Japón nos ha sorprendido mucho en todos los sentidos: desde la masificada pero ordenada Tokyo hasta lo más tradicional de Takayama y Kyoto.

Aterrizamos en Tokyo y ya nos sorprendió que un hombre estuviera en las cintas de recogida de equipajes recordando que no te llevaras la maleta de otra persona (o eso entendimos), pasando por los taxis forrados con croché de la abuela y la apertura automática de puertas (menos mal que nos avisaron antes). La verdad es que Tokyo y alrededores (Nikko, Kamakura…) son especiales.

La experiencia del ryokan es algo que hay que probar, puede gustarte más o menos, pero ahí te das cuenta de los especiales que son los japoneses, de su gastronomía y de su particular convivencia con la naturaleza.

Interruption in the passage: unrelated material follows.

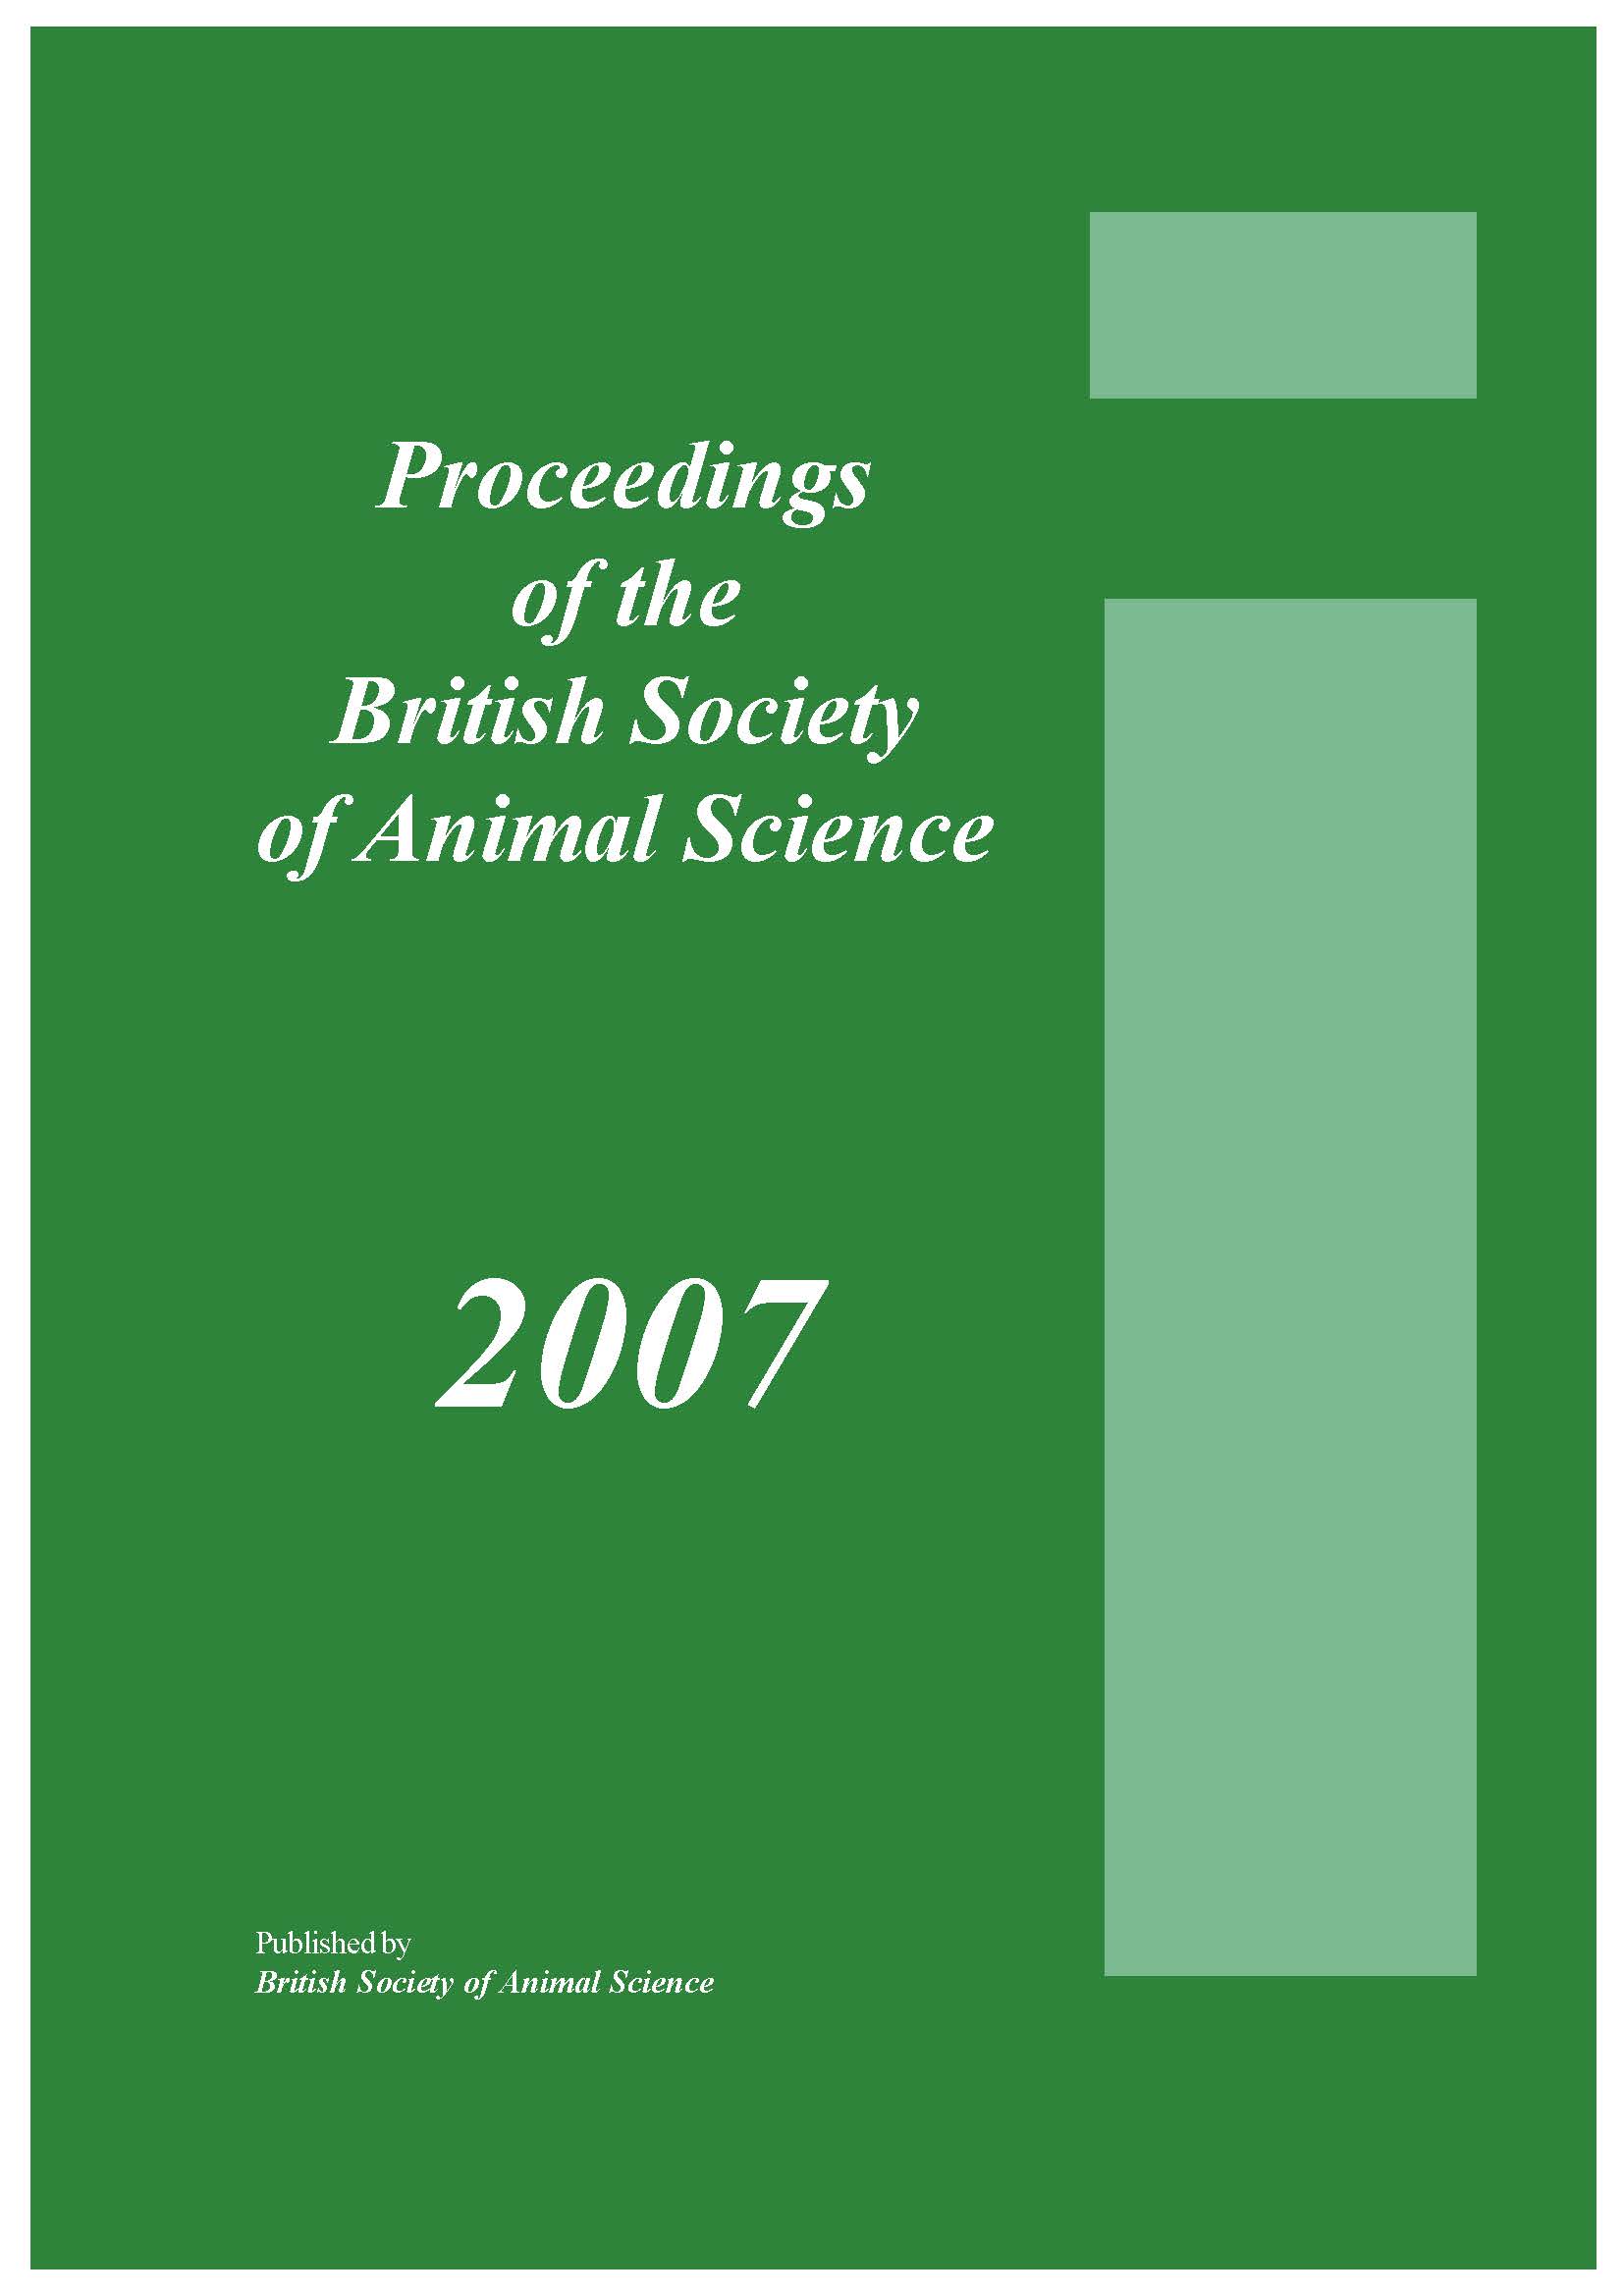 Proceedings of the British Society of Animal Science

Otra ciudad sorprendente es Kyoto, es una de las que hay que visitar al menos una vez en la vida, sus templos, sus jardines, su entramado urbanoLos alrededores, como por ejemplo, Nara son dignos también de una visita, si la visitas no te olvides llevar galletitas!

También visitamos la espiritual Miyajima, la alocada Osaka, la de triste recuerdo Hiroshima…

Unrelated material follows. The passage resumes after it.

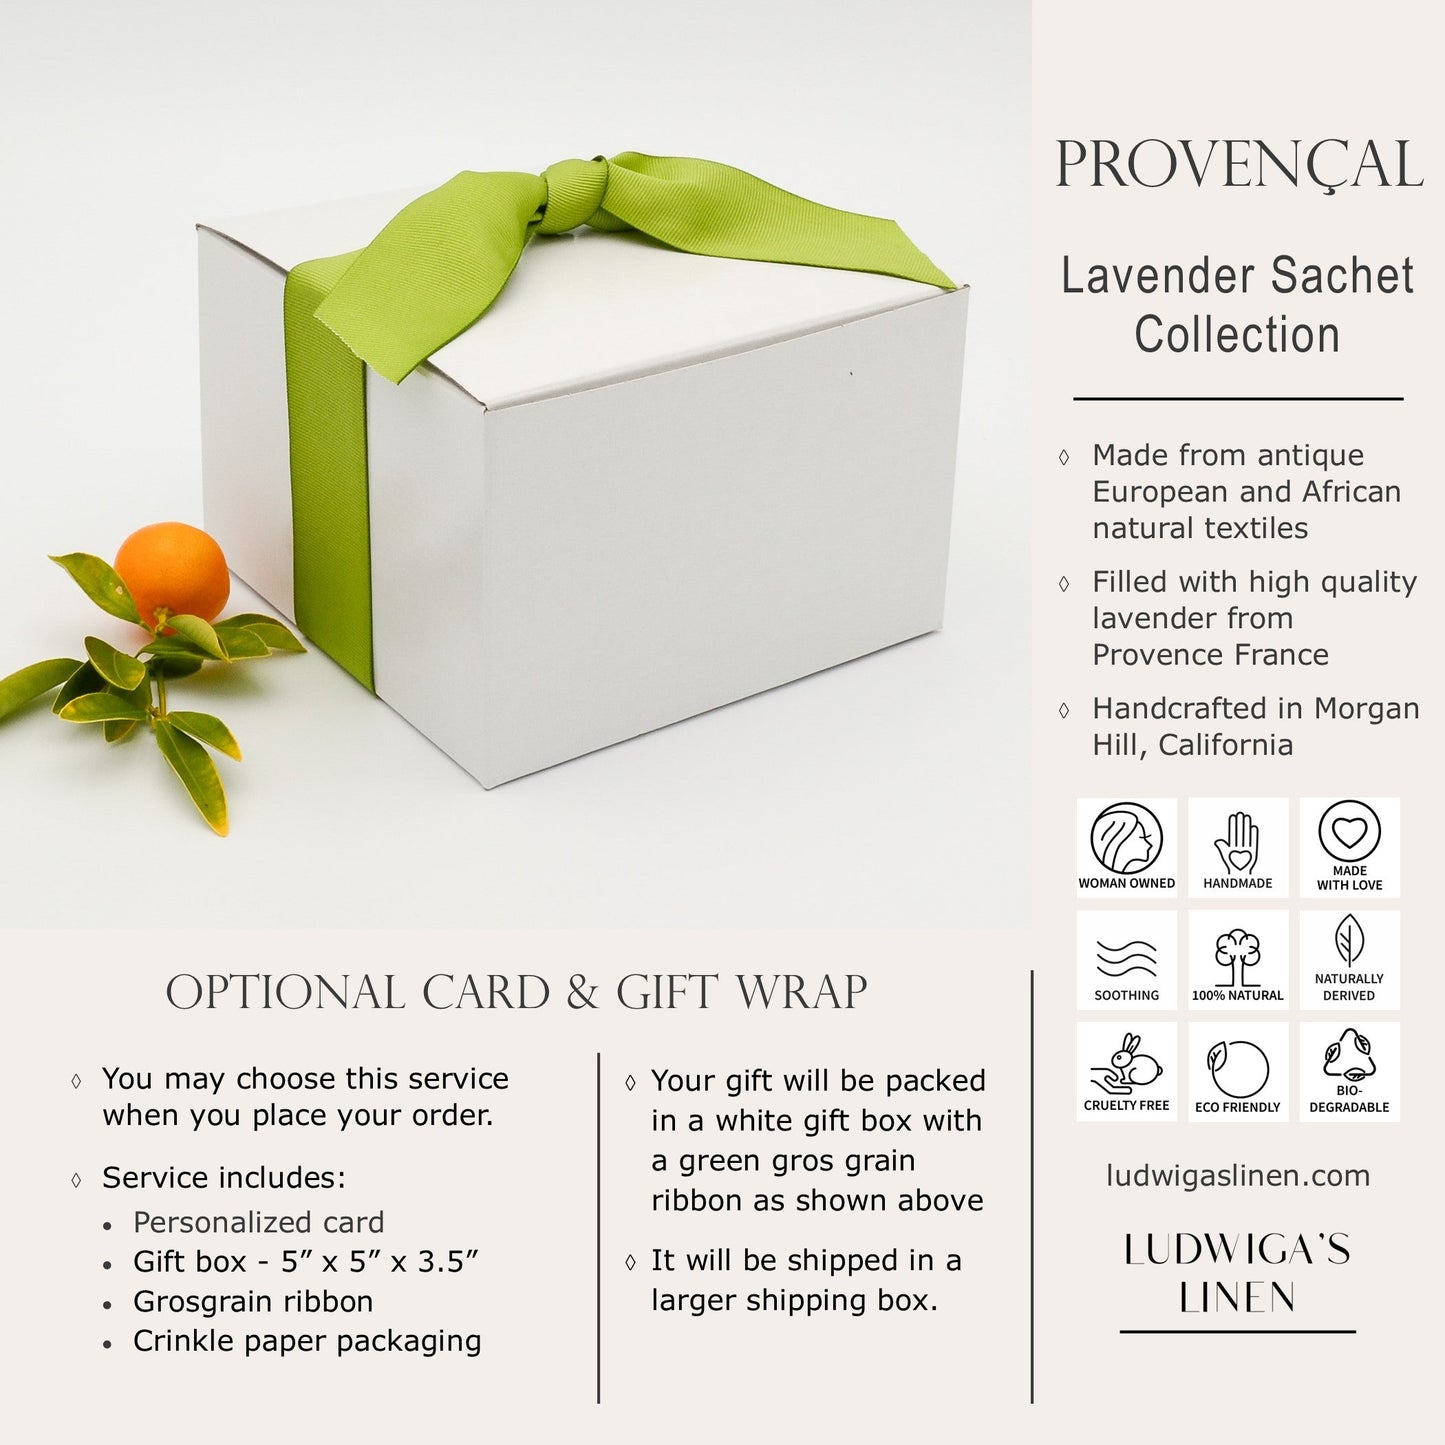 Optional gift box with red gros grain ribbon, information about Ludwiga's Linen Provençal sachet collection and shipping information

Dejando Japón disfrutamos de unos días de relajación y buceo en Maldivas, ¡qué paraíso!

La verdad es que hemos tenido mucha suerte de que unos profesionales como JTB estuvieran a nuestro lado, nosotros confiamos en ellos desde un primer momento porque saben de lo que hablan por su propia experiencia (no por los catálogos y la Lonely Planet). Si hiciera otra vez el viaje confiaría en ellos con los ojos cerrados.

Viaje recomendable 100%.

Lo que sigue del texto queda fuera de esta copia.